Given material>

..............................

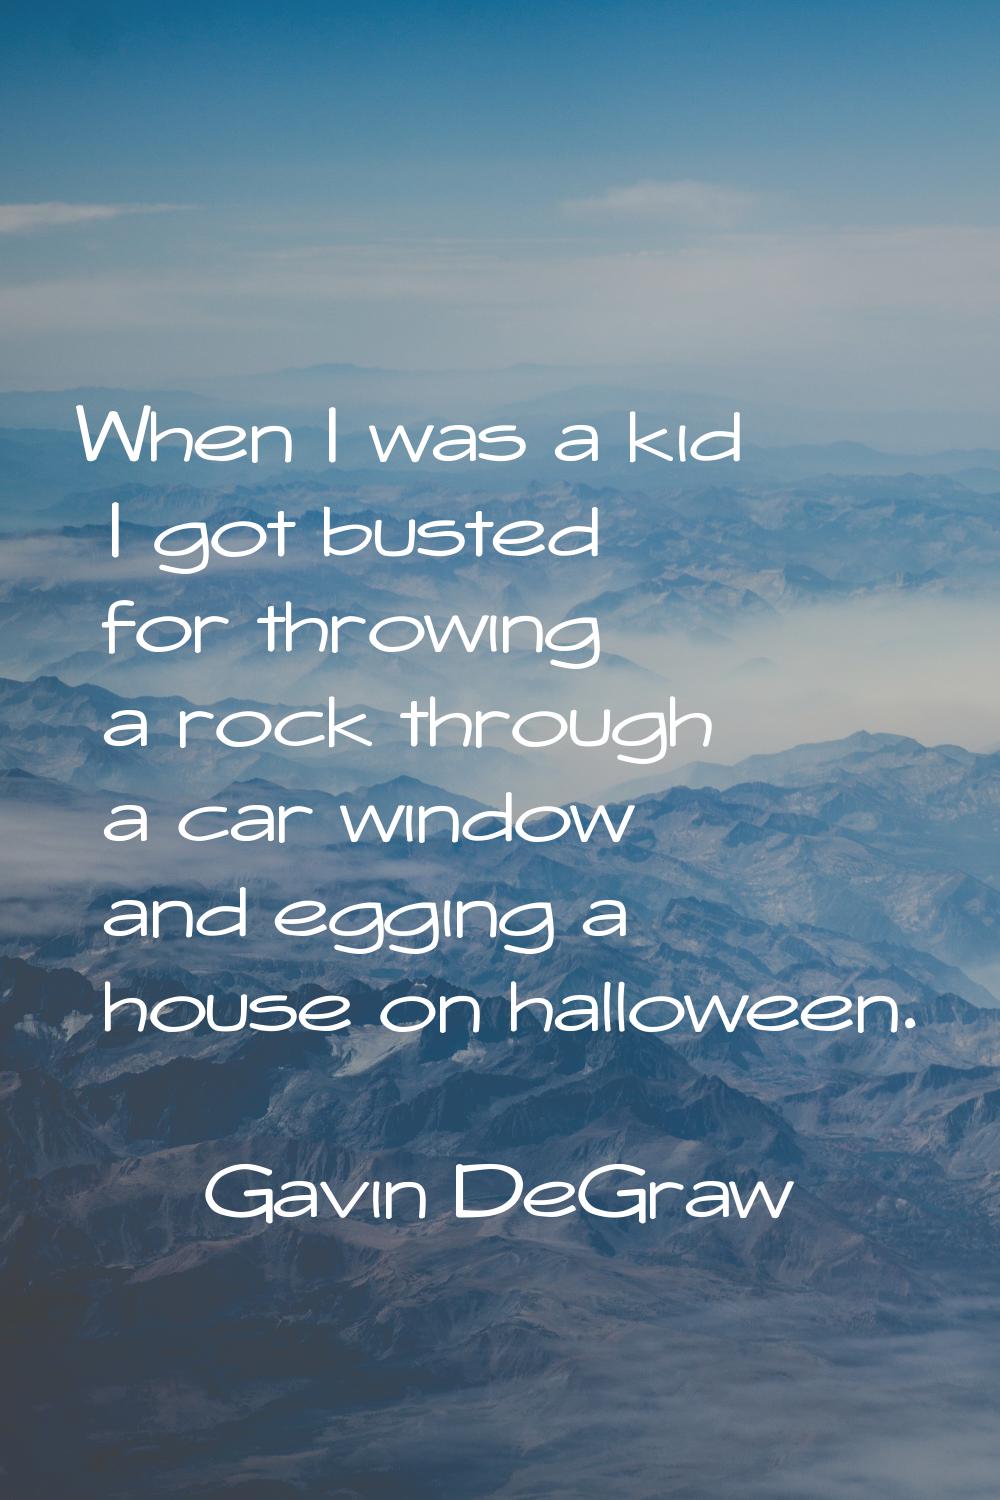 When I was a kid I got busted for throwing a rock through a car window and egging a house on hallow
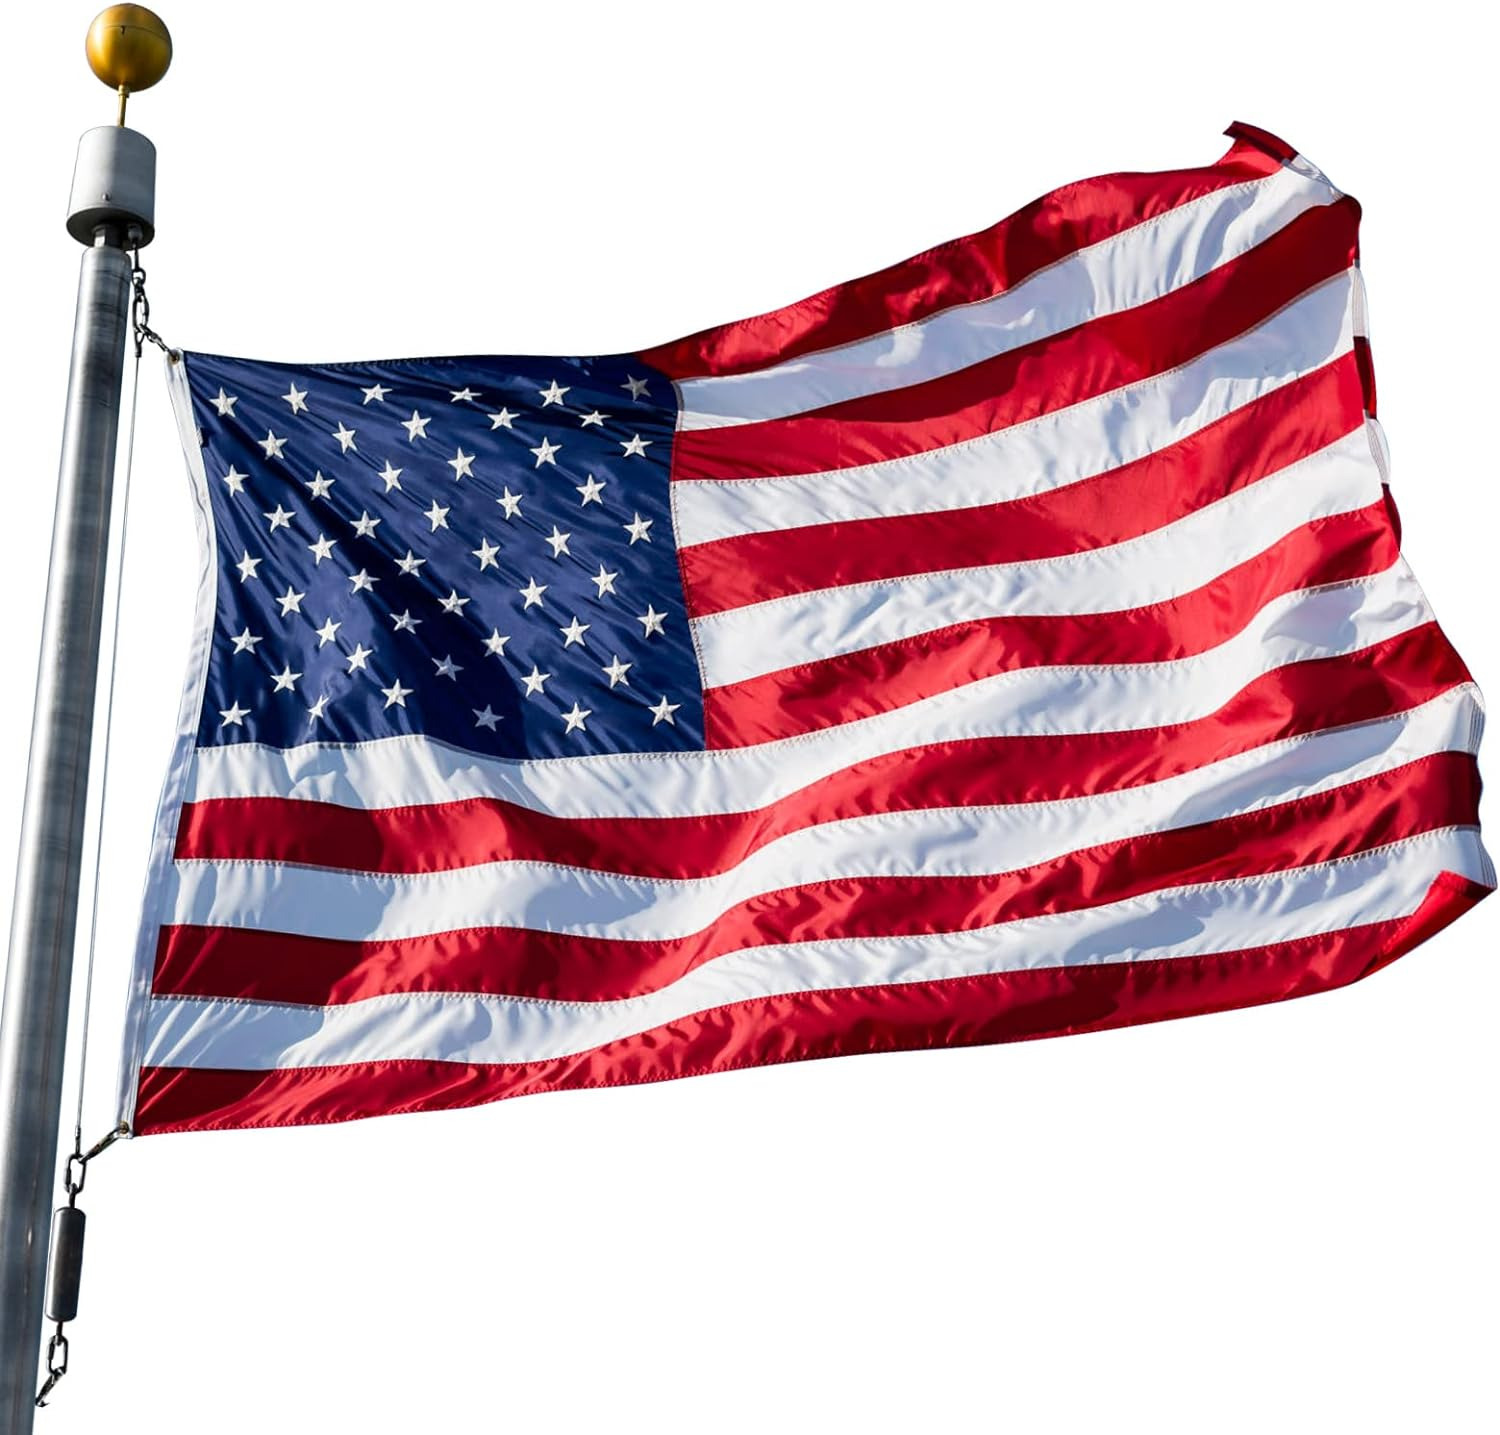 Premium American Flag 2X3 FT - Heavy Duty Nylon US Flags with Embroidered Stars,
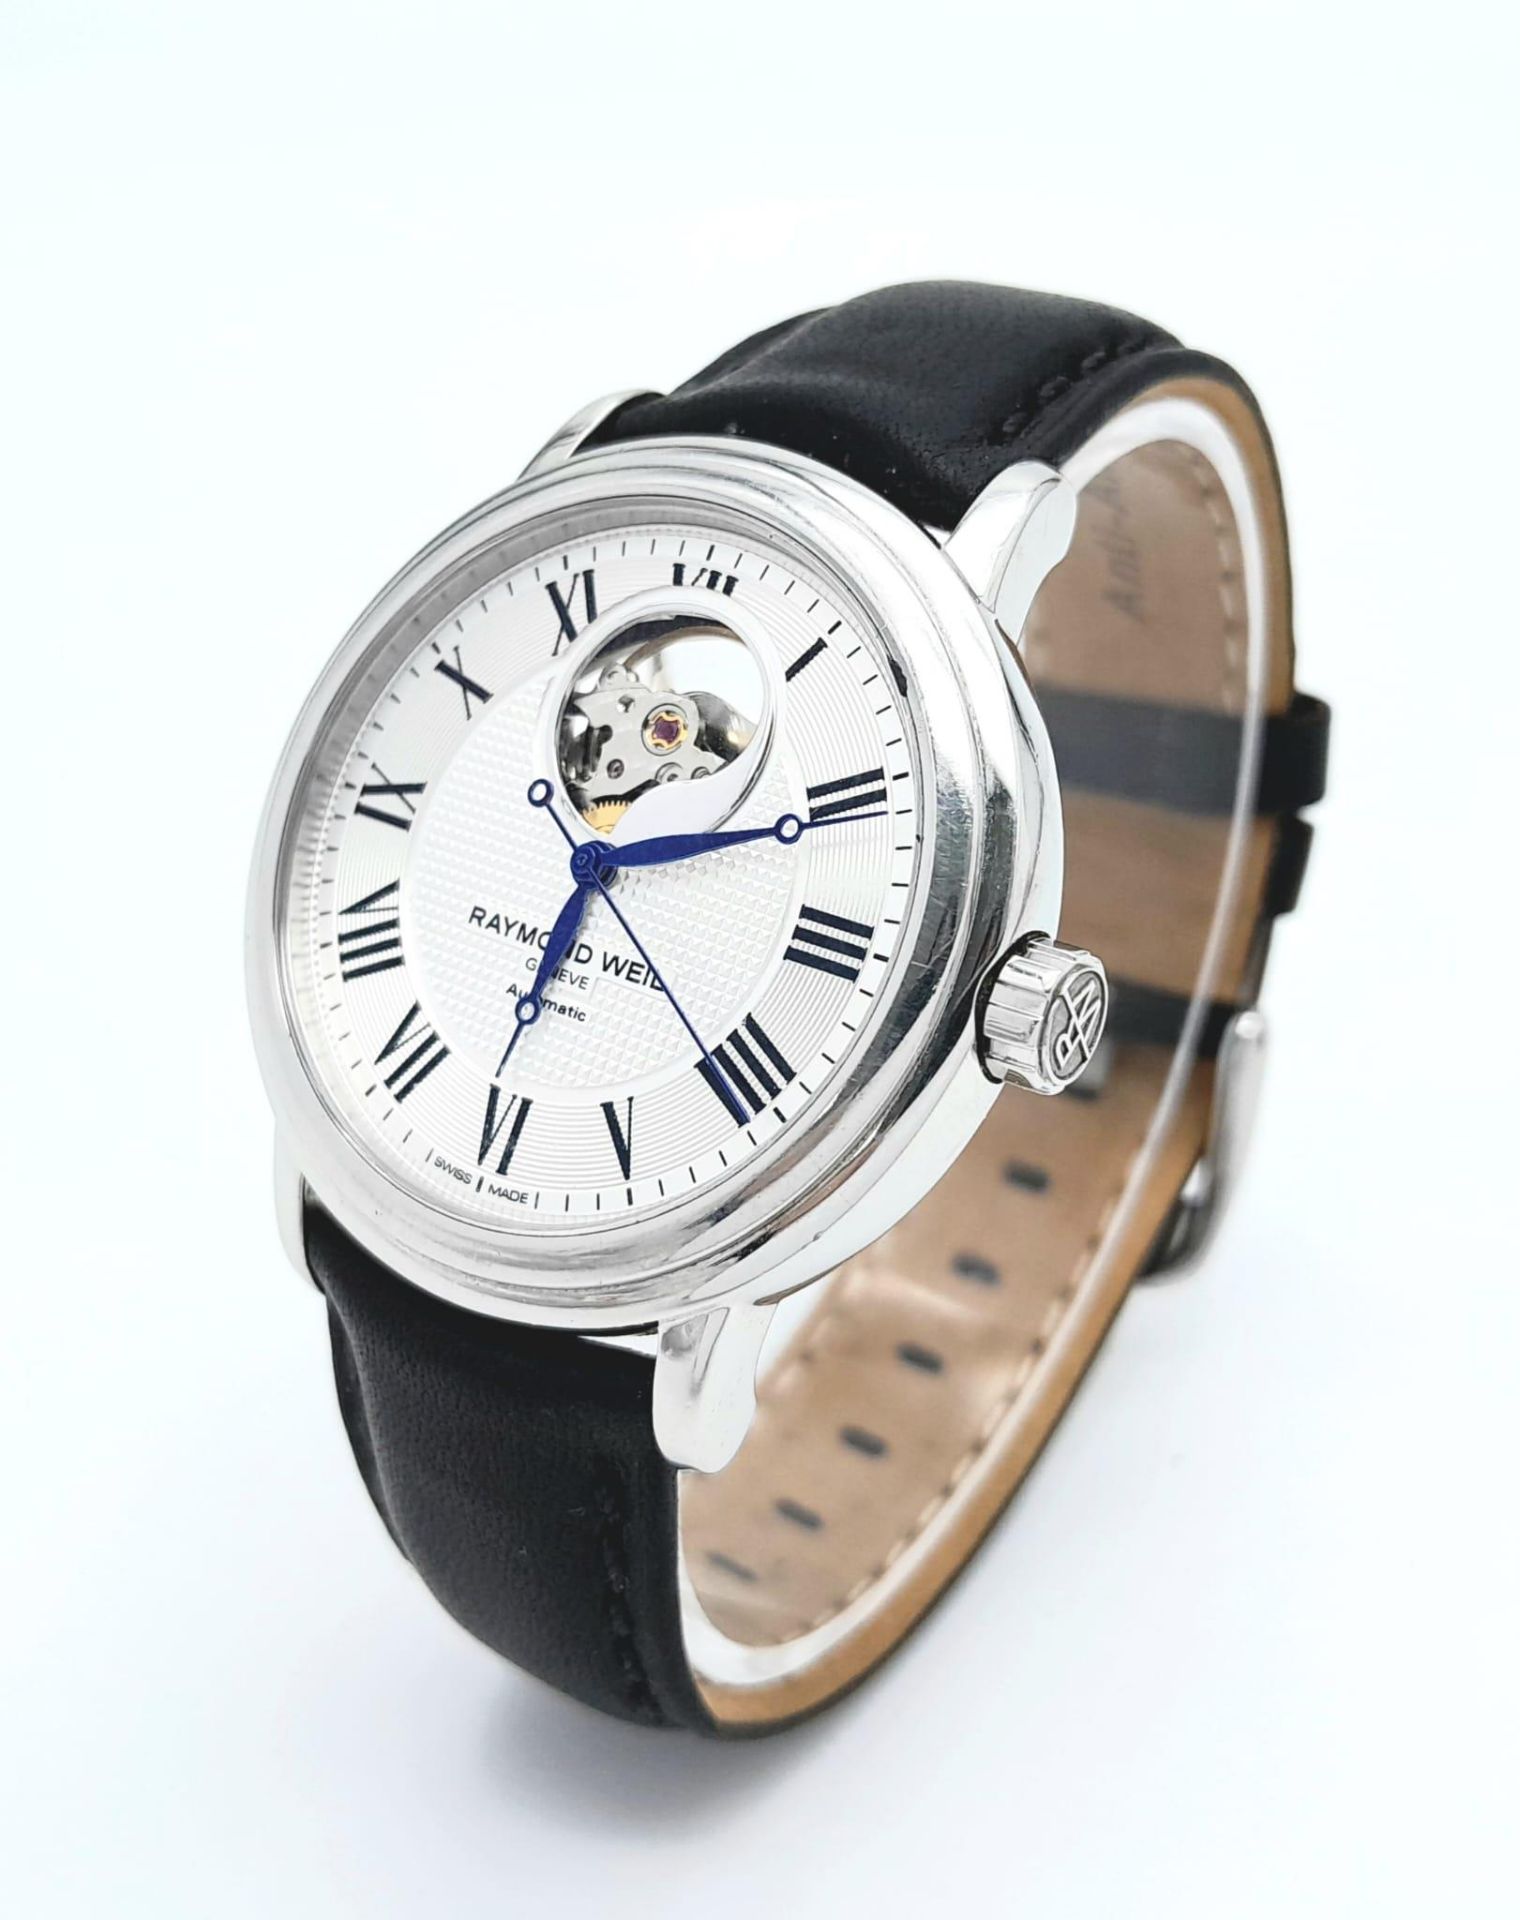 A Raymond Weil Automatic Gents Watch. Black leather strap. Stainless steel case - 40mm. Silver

..............................

Work instruction>
Write out, exactly and only, the lines from the one containing "Premium American Flag" through the last line of the material above. Pictures do not go in the copy.

Task answer>
 Premium American Flag 2X3 FT - Heavy Duty Nylon US Flags with Embroidered Stars,
 A Raymond Weil Automatic Gents Watch. Black leather strap. Stainless steel case - 40mm. Silver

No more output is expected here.